> [TASK]
Each entry should be copied as it stands, leaving the pictures behind.

Content starts

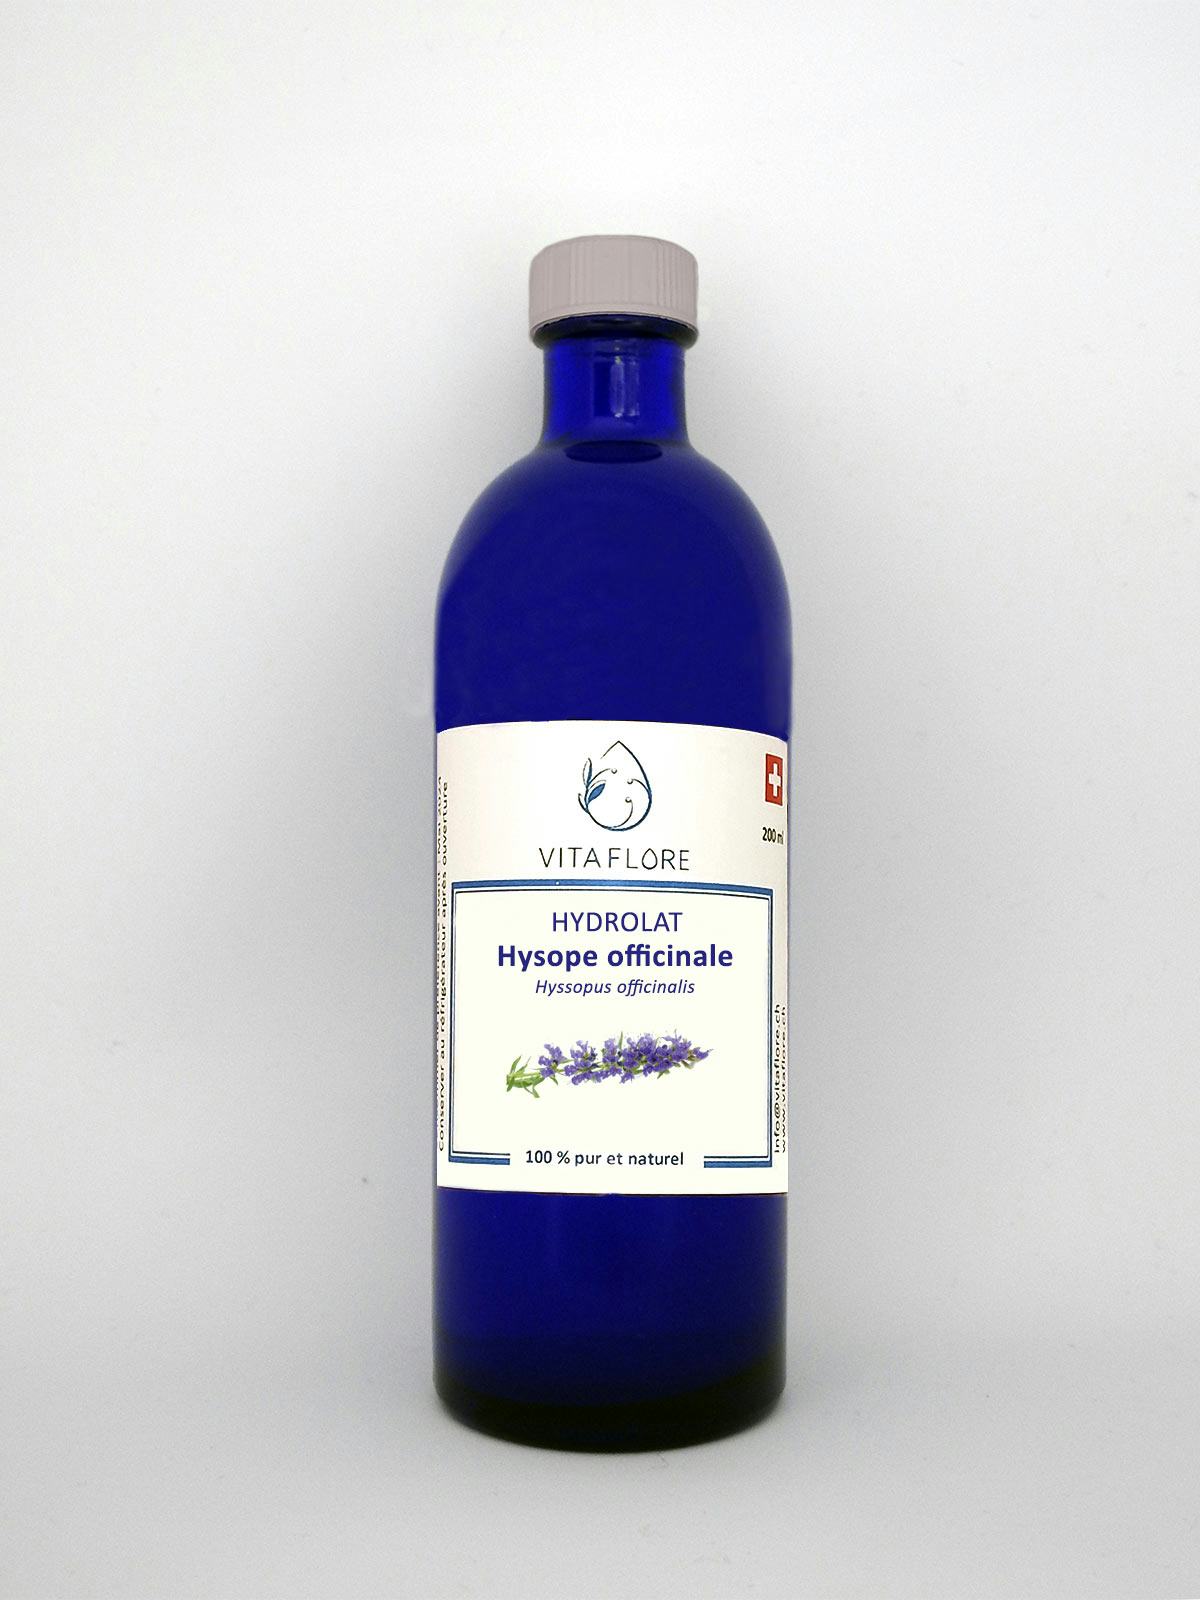 Hydrolat Hysope officinale, handwerkliches Produkt für den Direktverkauf in der Schweiz
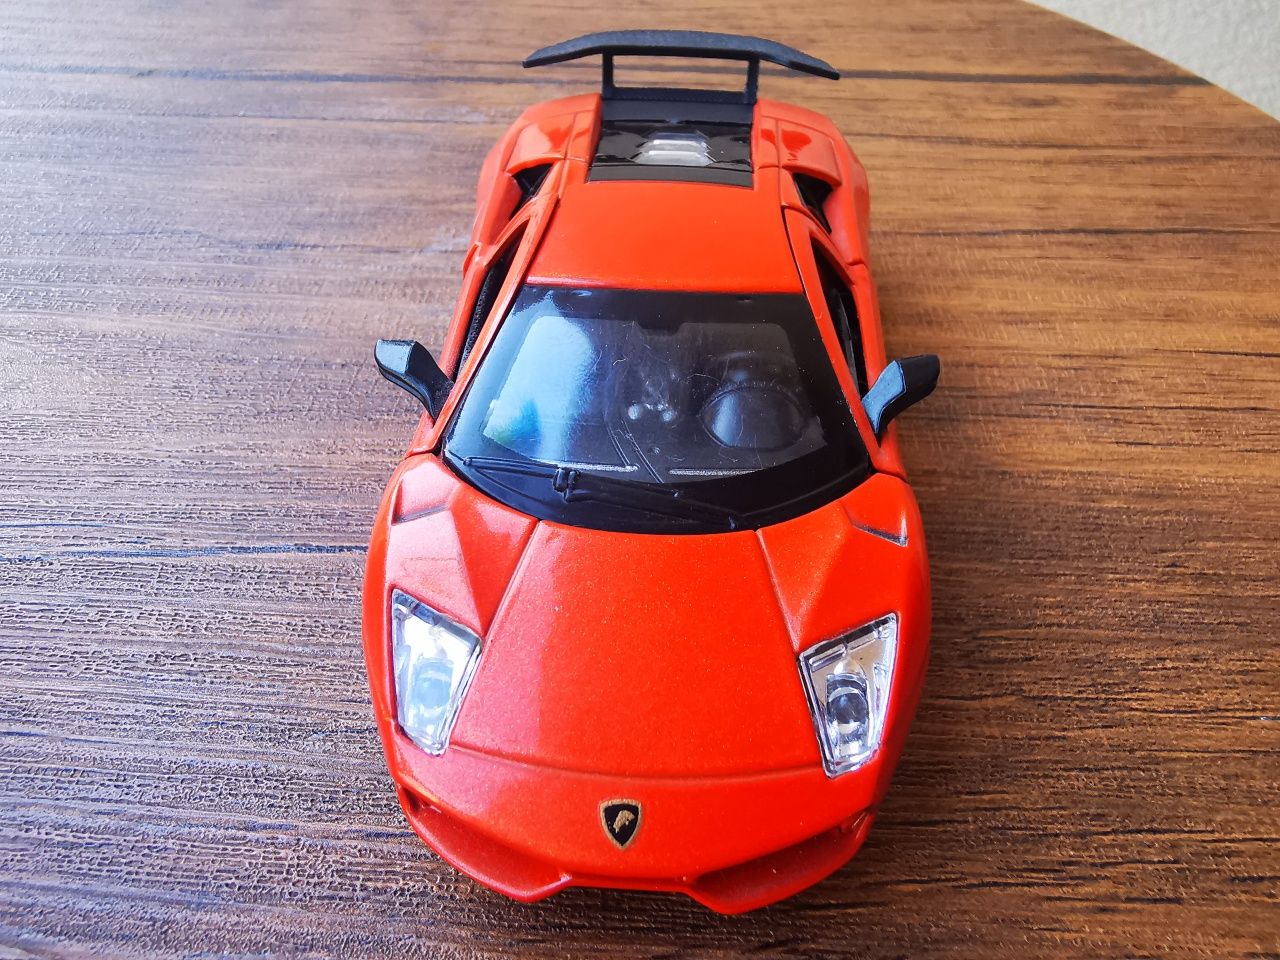 Mașini gen Lamborghini și Ferrari metal
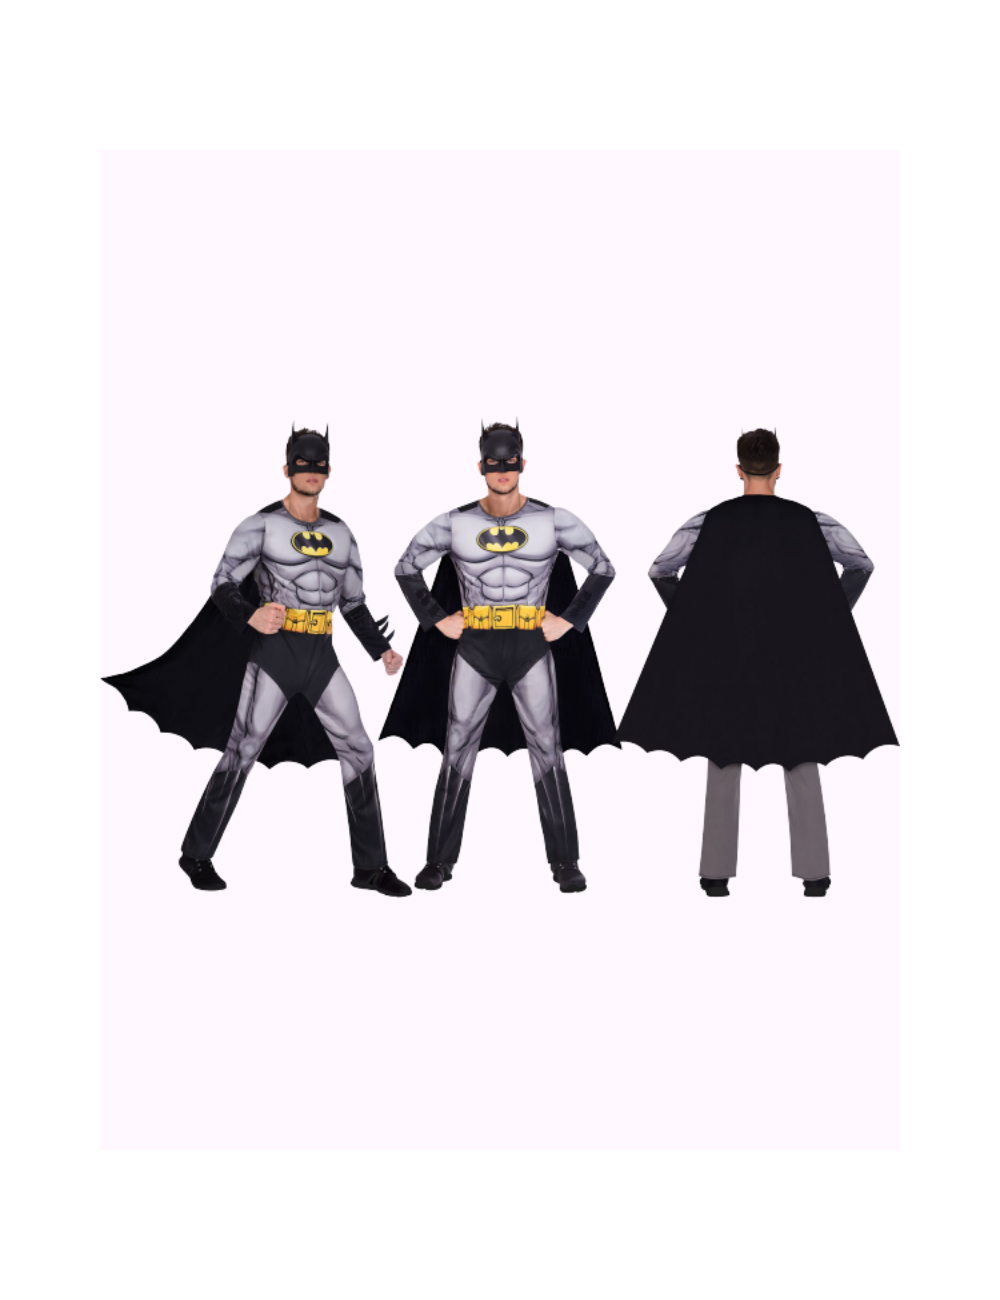 Adult Costume Batman
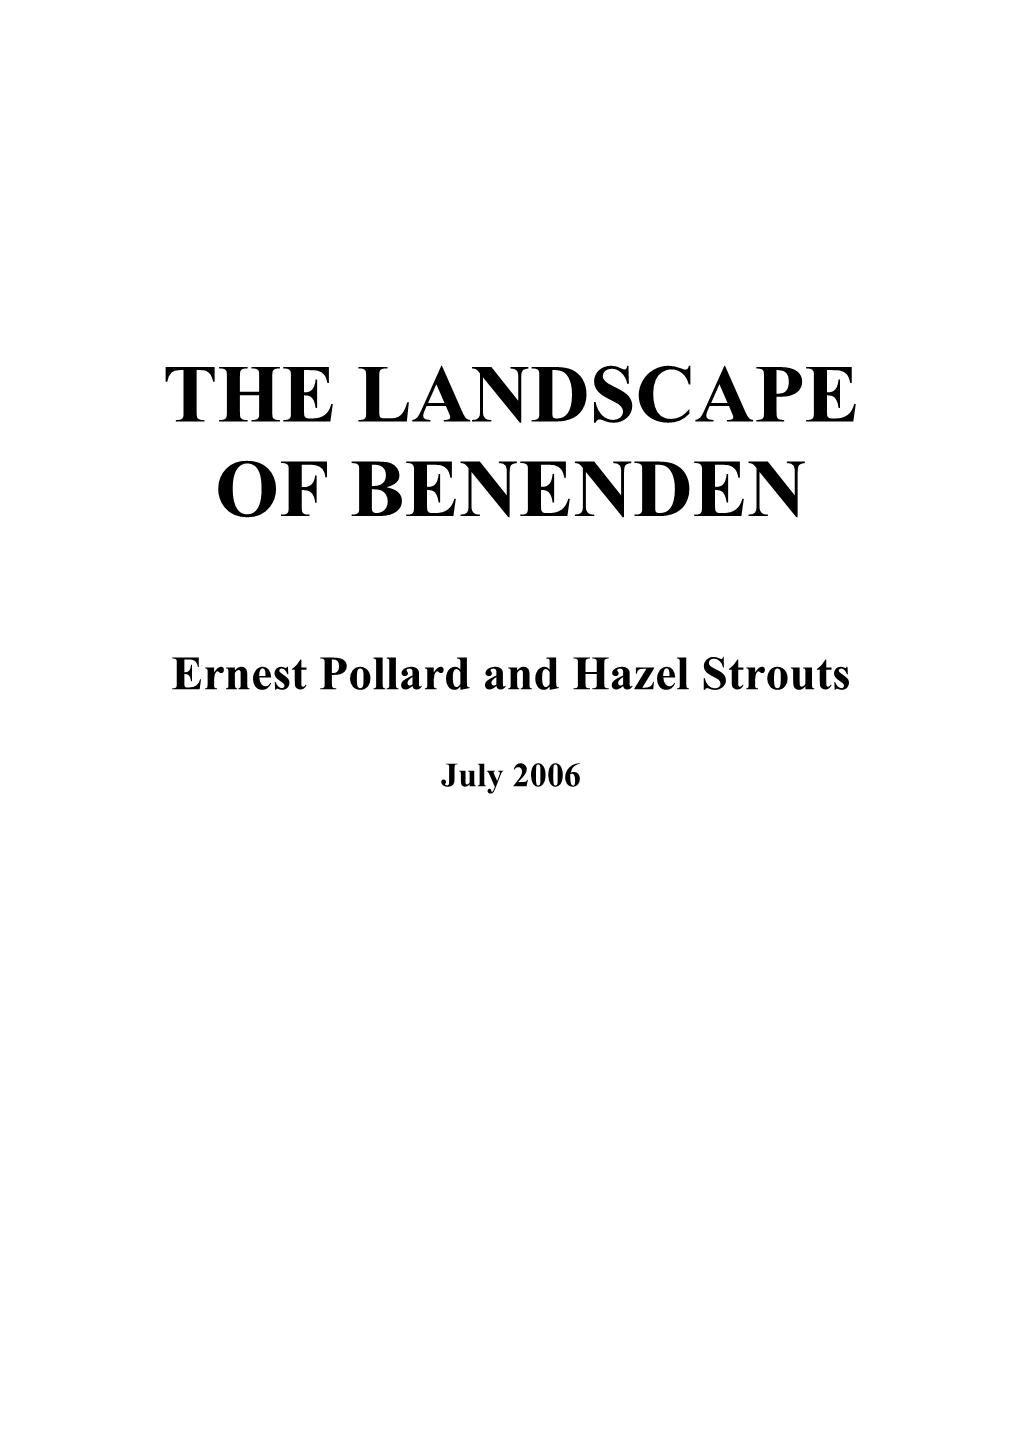 The Landscape of Benenden
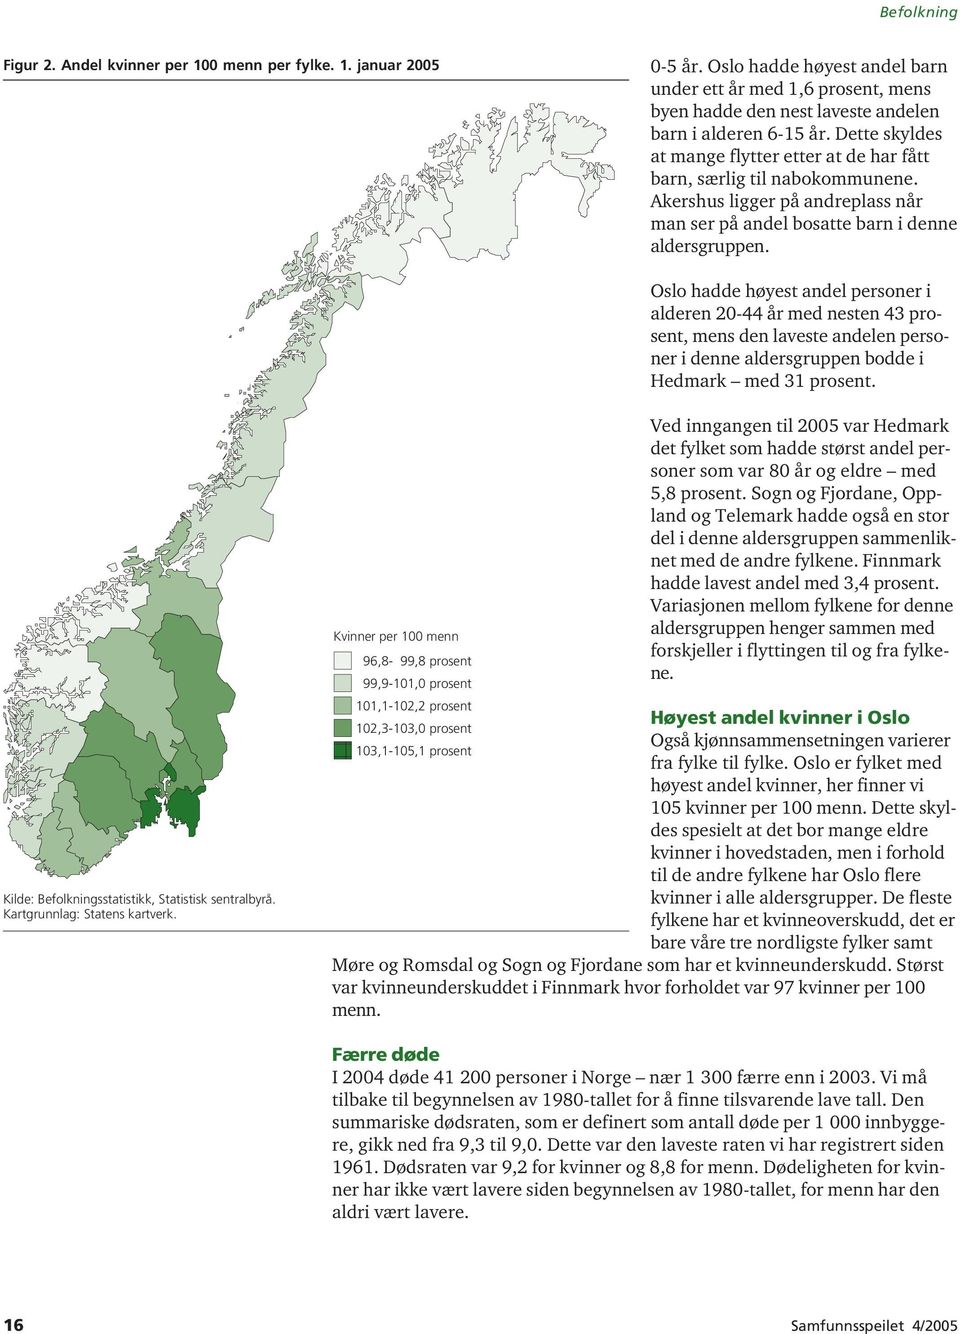 Oslo hadde høyest andel personer i alderen 20-44 år med nesten 43 prosent, mens den laveste andelen personer i denne aldersgruppen bodde i Hedmark med 31 prosent.

Content ends

> [SOLUTION FOR THIS TASK]
 Hydrolat Hysope officinale, handwerkliches Produkt für den Direktverkauf in der Schweiz
 Mașini gen Lamborghini și Ferrari metal
 Adult Costume Batman
 The Landscape of Benenden
 Oslo hadde høyest andel personer i alderen 20-44 år med nesten 43 prosent, mens den laveste andelen personer i denne aldersgruppen bodde i Hedmark med 31 prosent.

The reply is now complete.